足足花了两个小时,三人才下到谷底。脚刚沾地,陈石就瘫坐在石头上,大口喘着气,后背的衣服全被汗水打湿了。谷底比上面更冷,溪水奔腾着从身边流过,冲击着乱石,溅起大片水花,水汽氤氲,扑在脸上凉得人一哆嗦。
“歇会儿,暖暖身子。” 张铁山捡了些干树枝,用火折子点起一堆篝火。火苗蹿起来,橘红色的光映亮了三人的脸,驱散了谷底的阴冷。
周牧云走到溪边,看着奔腾的溪水,对陈石道:“你看这溪水,走到这里忽然收窄,流速变快,说明前面有卡口。水是地脉的血脉,水收则气聚,过了这道卡口,地气就被锁住了,宝穴就在卡口后面。”
陈石凑过去看,只见溪水从宽阔的峡谷流过来,到前方忽然被两道山梁夹住,只剩下不到一丈宽的水道,水流猛地加速,像箭一样射出去,撞在岩石上激起雪白的浪花。
他想起书上说的 “水口砂”,连忙道:“师父,这两边的山是不是就是水口山?把地气关在里面?”
“不错。” 周牧云微微颔首,“这叫‘狮象锁水口’,两边的山梁像狮子和大象把门,把地脉之气牢牢锁在里面。有这样的水口,里面的地气场肯定差不了。寻常的地脉,能有一道小山挡水口就不错了,这种双山夹持的格局,极为少见。
歇了快一个小时,等身上暖和过来,三人继续动身。顺着溪水往上游走,路更难走了。谷底全是大大小小的乱石,被溪水冲得圆润湿滑,高低不平。
三人踩着石头往前走,时不时得涉水而过,溪水冰冷刺骨,没走多久,裤腿鞋子就全湿透了,贴在腿上凉飕飕的。
走了约莫二里地,前方忽然出现一片密林。树木长得格外密集,树干粗壮,枝桠低垂,几乎贴到水面,树叶浓绿得发黑,连阳光都透不进来,林子里黑黢黢的,像张巨大的嘴。站在林边,就能闻到里面传来的浓重草木气息,带着点说不出的腥甜。
“这林子不对劲。” 张铁山停下脚步,握紧了柴刀,“树长得太密了,比别处都旺,邪性。别是有什么瘴气吧?”
“是地气足的缘故。
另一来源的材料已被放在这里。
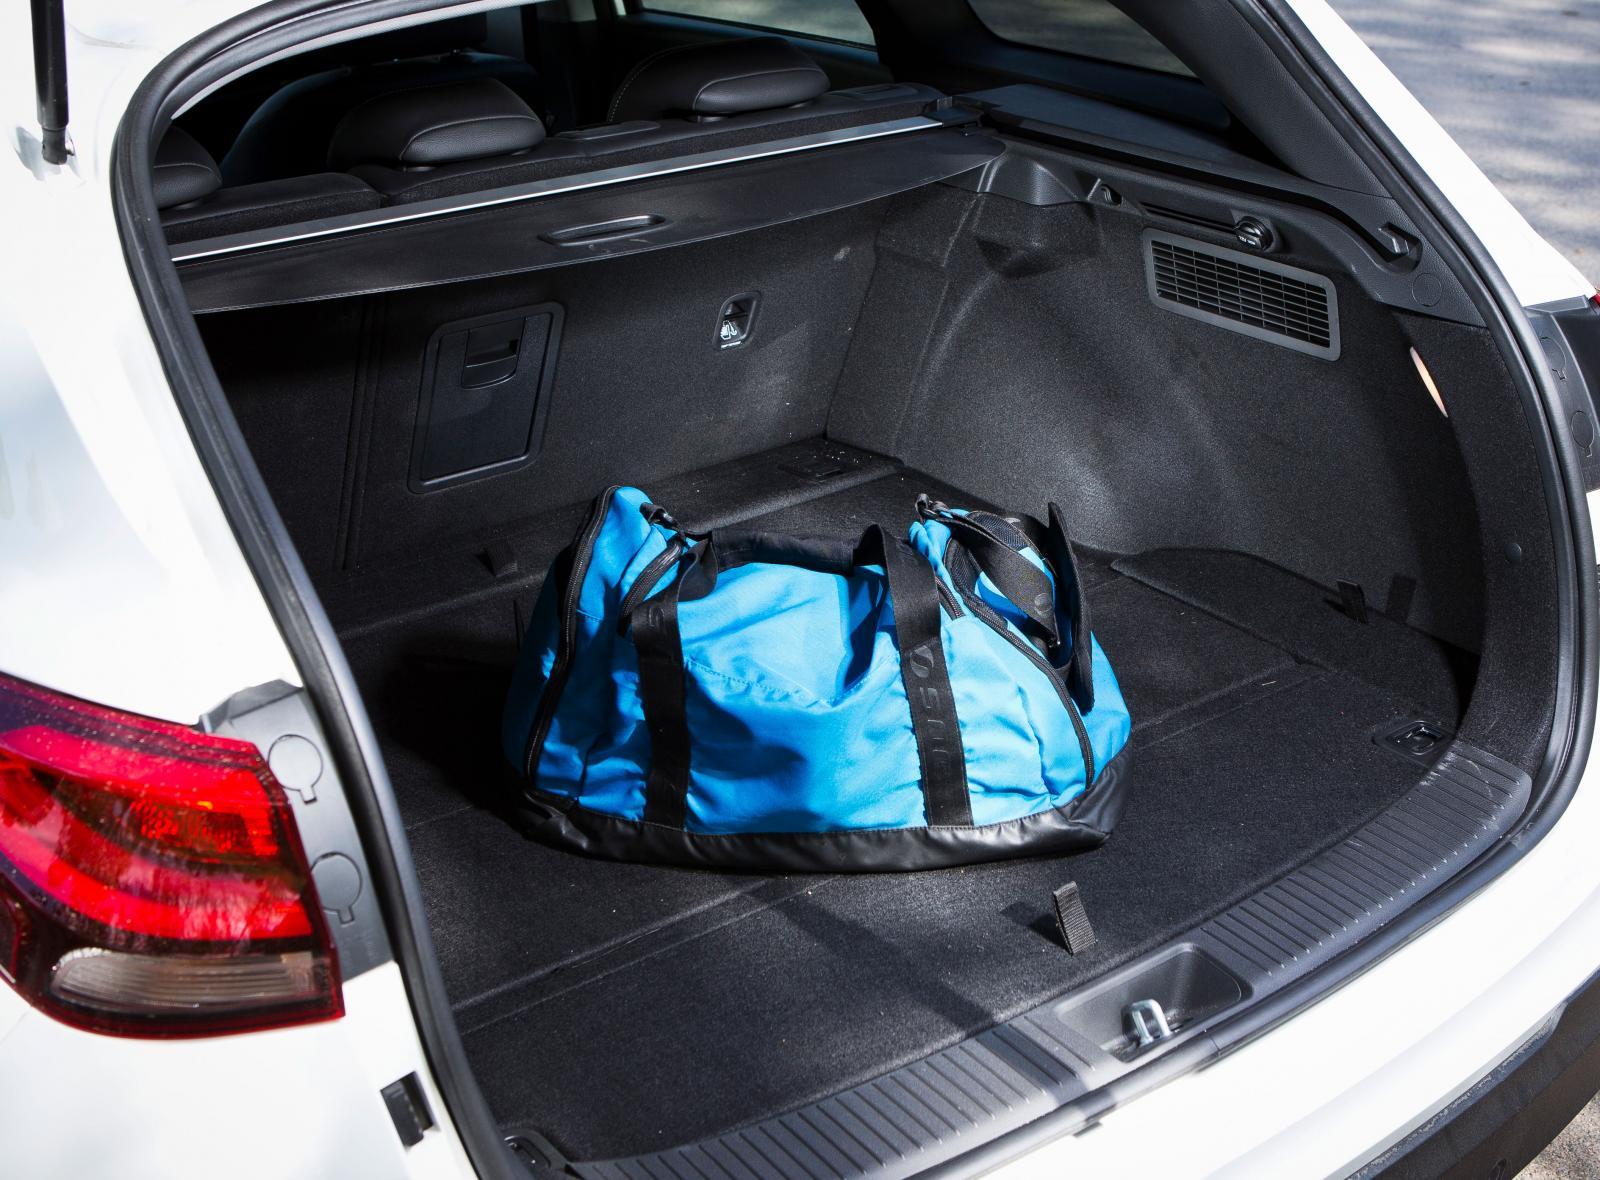 Lastgapen i Hyundai och Kia är nästan identiska, men testets i30 var i en utrustningsversion som saknar eldrivning av bakluckan. Vi fick heller inte in lika många drickabackar i Hyundai som i Kia. Massor av praktiska fack under golvet.

” 周牧云道,“地气旺的地方,草木就长得盛。里面瘴气倒是没有,就是毒虫多。进去之后跟紧我,别乱碰东西,尽量走亮堂的地方。”
他率先走进密林。刚一进去,光线瞬间暗了下来,四周静得可怕,连溪水声都远了,只有脚下踩碎腐叶的沙沙声,和头顶偶尔传来的鸟鸣。空气又闷又湿,像蒸笼一样,没走几步,背上就沁出了汗。
地上的腐叶积得极厚,踩上去没到脚踝,底下藏着大大小小的虫豸。陈石走着走着,忽然觉得脚脖子一疼,像是被什么东西蛰了一下,他低头一看,只见一只巴掌大的黑蝎子正钻进腐叶里,尾刺还闪着寒光。
“师父!” 他低呼一声。
周牧云回头,扫了一眼他的脚踝,只见上面两个小红点,很快就肿了起来,泛着青黑色。他快步走过去,从怀里掏出个小瓷瓶,倒出一点黄色的药膏,敷在伤口上:“是山蝎子,毒性不大,敷上药就没事了。走路注意点,挑落叶薄的地方走,腐叶厚的地方虫子多。”